- Tesla CEOElon Musk admitted that selling a $US35,000 version of the Model 3 would be a disaster for the company.
- The base TeslaModel 3 is now planned for deliveries in late 2018 or early 2019.
- Musk has to do this to save the company from ruin, even if he ends up jilting prospective owners.
Everybody has been giving Tesla CEO Elon Musk a hard time for his savage Twitter ways of late, myself included. But that doesn’t mean, amid all the trolling of haters and big media, Musk doesn’t sometimes tweet out an insight.
For example, Musk offered this tweet in response to a question about when the long-promised $US35,000 Model 3 sedan would arrive, after he announced a $US78,000 high-performance trim level: “With production, 1st you need achieve target rate & then smooth out flow to achieve target cost. Shipping min cost Model 3 right away wd cause Tesla to lose money & die. Need 3 to 6 months after 5k/wk to ship $US35k Tesla & live.”
That’s not exactly what I heard when I was at the Model 3 launch in July of 2017. Then, my understanding was that Tesla would first build the $US44,000 Model 3 with a long-range battery pack and a single motor over the rear axle to keep things simple. After all, the company had never mass-produced the car before and had skipped a so-called “soft tooling” phase of the ramp-up, when it could fix problems with the assembly line before settling on costly gear.
I did know that Tesla usually sells expensive trim level before cheap ones – and sometimes doesn’t see very much demand for less-expensive versions of its vehicles.
That’s not a bad thing, as pricier Teslas are better for topline revenue and should eventually be a boon for bottom-line profits if the company can stop losing billions of dollars annually. In fact, a little over a year ago I argued that selling a $US35,000 car wasn’t such a great move for Musk.
“It bears repeating: the Model 3 represents a move for Tesla in the opposite direction of where the money is in the car business,” I wrote. “A $US35,000 compact sedan brings in a lot less than a $US100,000-plus mid-size SUV. For Tesla, the Model 3 is a far greater risk than the Model S or X were.”
My headline was “The Model 3 could be the worst thing that ever happened to Tesla,” so I take a doleful victory lap on that one.
Tesla’s $US35,000 Model 3 is on the back burner
So if you pre-ordered a Model 3 expecting the $US35,000 version to launch in 2018 -sort of like what you might anticipate from any other carmaker on Earth, minus the need to plunk down a $US1,000 deposit – I’d say forget about it until 2019 at the earliest.

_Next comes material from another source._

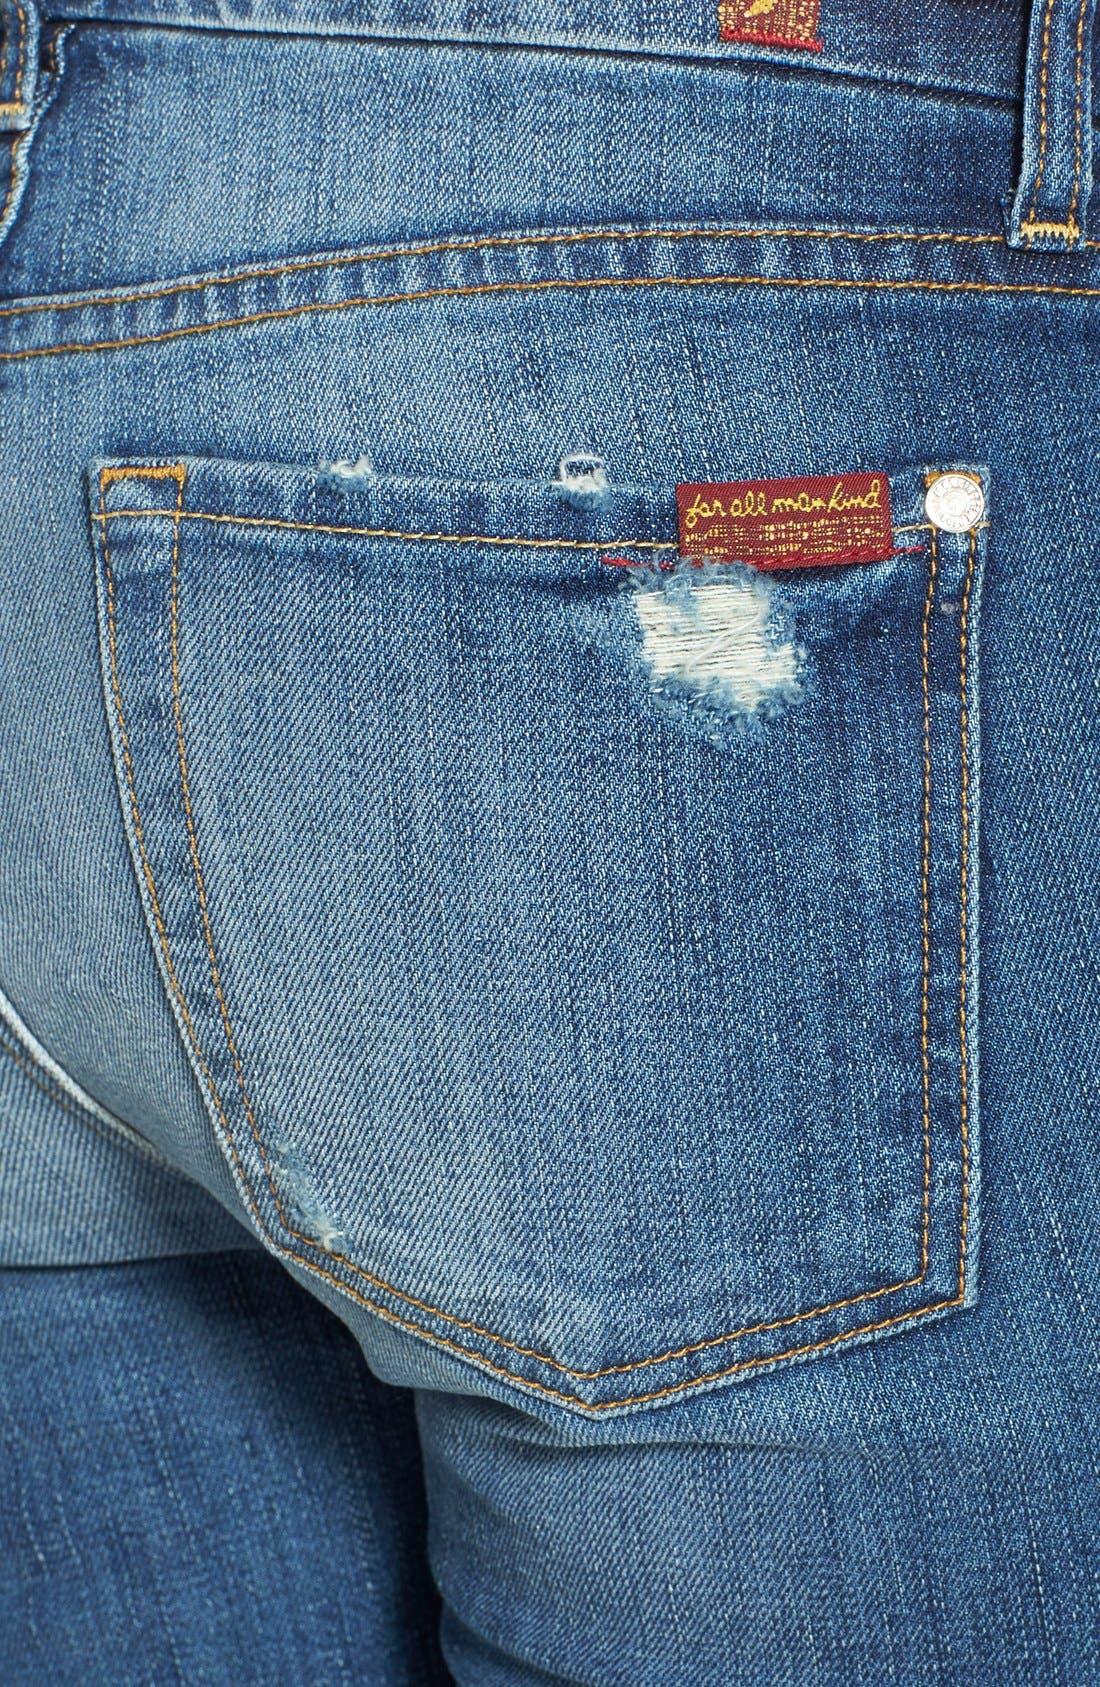 Skinny Jeans,                             Alternate thumbnail 4, color,                             400

Or perhaps forget about it … forever.
I’ve always struggled to figure out why Tesla wanted to sell a $US35,000 vehicle anyway. Unless the company can convince the Trump administration to extend a $US7,500 federal tax credit that will phase out after a carmaker sells 200,000 electric vehicles in the US, that perk will vanish for the el-cheapo Model 3 crowd.
Besides, the customers who could use the tax credit would tend to be folks who might owe the IRS money, in other words, wealthier citizens who wouldn’t be disinclined to purchase the base version of anything. D0 you really want to be rolling up Sand Hill Road in a no-frills Model 3?
Building an affordable, long-range EV is also a walk in the park for a major carmaker; General Motors went from unveiling to on-sale with the Chevy Bolt in about a year. The Bolt is currently the only sub-$US40,000 EV with over 200 miles of range that you can buy. The vehicle has sold better than GM expected, but it’s probably losing the carmaker thousands of dollars for each unit.
But GM doesn’t need to make money on the car – it just needs to force Tesla to also lose money in that segment. GM can afford it because it prints cash with sales of pickups and SUVs.
Why would Tesla want to compete with that?
The $US35,000 Model doesn’t die, it just … fades away
Perhaps Musk has come to that conclusion and will now reliably undersell the bargain trim level of the Model 3. I certainly hope he does because that will broaden Tesla’s portfolio of luxury offerings and provide a shot at survival. A lot of Tesla bulls think the Model 3 could post impressive margins, but my take is that it could post decent margins only at a relatively high price point.
The $US78,000 Model 3 is a case in point. I shouldn’t need to present any path-to-profit maths on a vehicle that has essentially the same battery as the roughly $US50,000 version of the car, but adds a second motor to provide all-wheel-drive and snappier acceleration. The $US28,000 difference should function as a profit light bulb.
OK, Musk might go ahead and nominally sell the $US35,000 for a short period in 2019 before letting it wither or quietly declining to allow reservation holders to configure their cars. That would be smart, if sort of deceptive, but my guess is that anybody who put down a grand on a Model 3 would forgive Elon because that deposit was more like a vote of confidence than a promise to convert.
Those jilted customers would probably chalk up their disappointment to the cost of changing the world. They’d also be in a better position to get the money back if Tesla doesn’t go bankrupt. And if that’s what it takes to save Tesla, you can bet that Musk will do it.